We also need more elevated highways such as the Skyway Stages 3 and 4, perhaps one that dissects Metro Manila from east to west. If only the roads coming into the province of Rizal were wider, it would develop faster and keep up with its contemporaries in the rest of the Calabarzon region.
A tunnel through the Sierra Madre Mountain through Antipolo is the most obvious answer.
Lastly, we need to improve thoroughfares along Pasig River such as J.P. Rizal Avenue. Improving traffic flow on these roads by widening and redeveloping them will greatly decongest traffic.
We also need provincial buses and bus stations along Edsa to be regulated. We should keep the provincial bus stations near the reclamation area in Pasay for the south-west, and near the Edsa-MRT 3 depot in the north-eastern side of the metropolis.
These bus stations create a lot of havoc, traffic and mayhem simply because their huge sizes are too much for the narrow service roads, arteries and inner city streets perpendicular to Edsa.
Finally, we need more trains. The original plan was for the light rail transit systems to have 12 (yes 12, that is not a typo) lines. The original Edsa MRT 3 line alone has the capacity to handle close to 800,000 people a day with the proper 72 trains operating at 18 hours per day
(6 a.m. to midnight).
Imagine 800,000 people riding the MRT on Edsa.

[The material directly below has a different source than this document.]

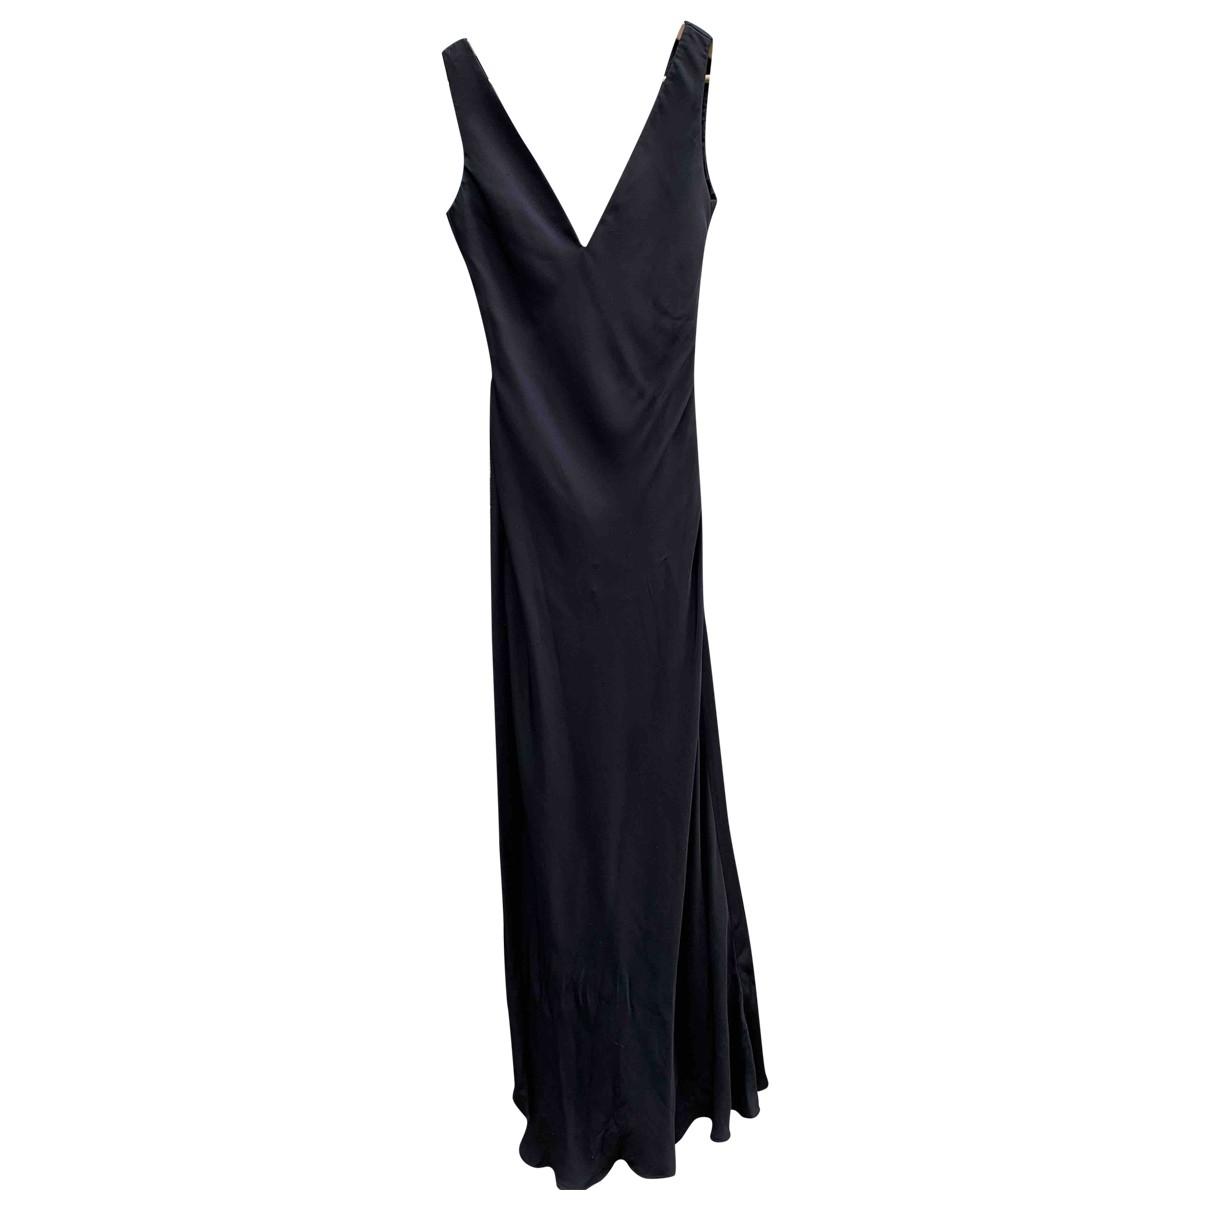 Armani Collezioni \N Black dress for Women 40 IT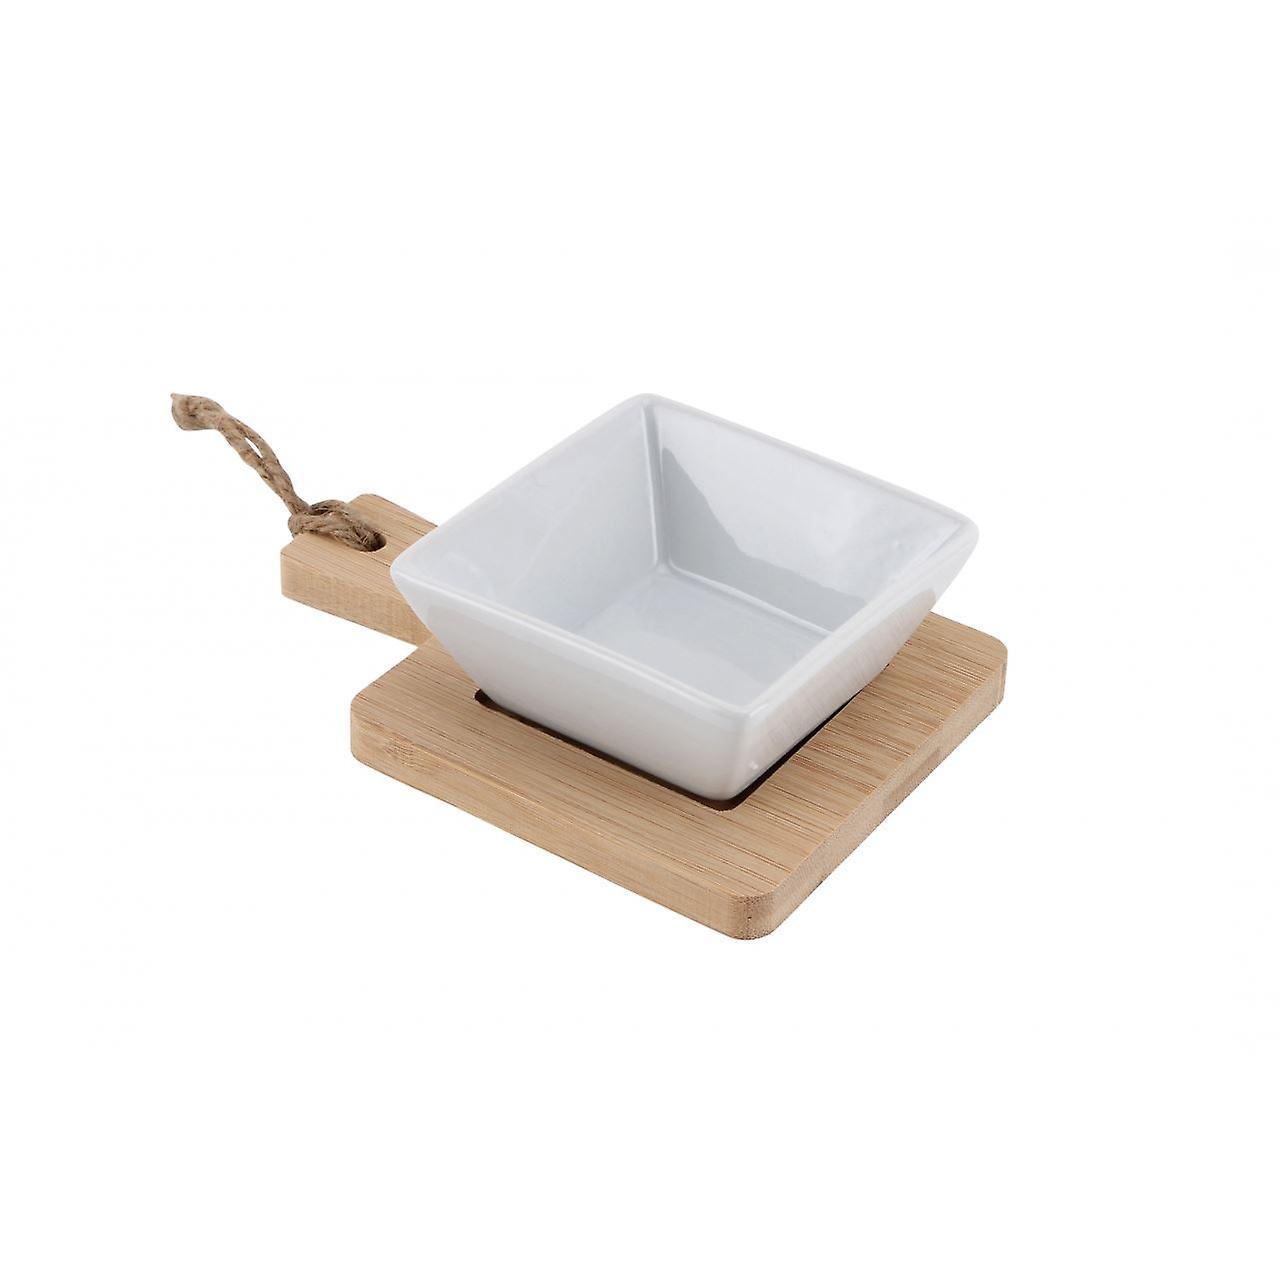 Mini Ceramic Nibble Bowl & Plate

That means substantially less buses plying the roads, more people reaching their destinations on time, and less people lined up making an ungodly chaotic mob on the streets below MRT 3 stations.
Crucially, the next administration needs to plan beyond the current traffic congestion and PUV demand levels. We need to project traffic, PUV passenger ridership, and vehicle sales volumes in the next 20 or so years (ideally 30), then design proper, long-lasting, sustainable and world-class infrastructure, train and road network systems.
Alas, I fear that most, if not all candidates only want to design a plan that meets the immediate short-term needs and will only benefit the constituents during their term, which is a scant three to six years.
We need something that will be good for the next 20 to 30 years, just like how all first-world industrialized countries do it.
This line of thinking is what we need for the rest of the country, and not just for the monitoring public. A clear, doable and sustainable development plan that answers short, medium and long-term goals of the country, not something that is barely acceptable and good for only three to five years.
We need long-term goals, and clear, concise and concrete plans to back them up and ensure their success.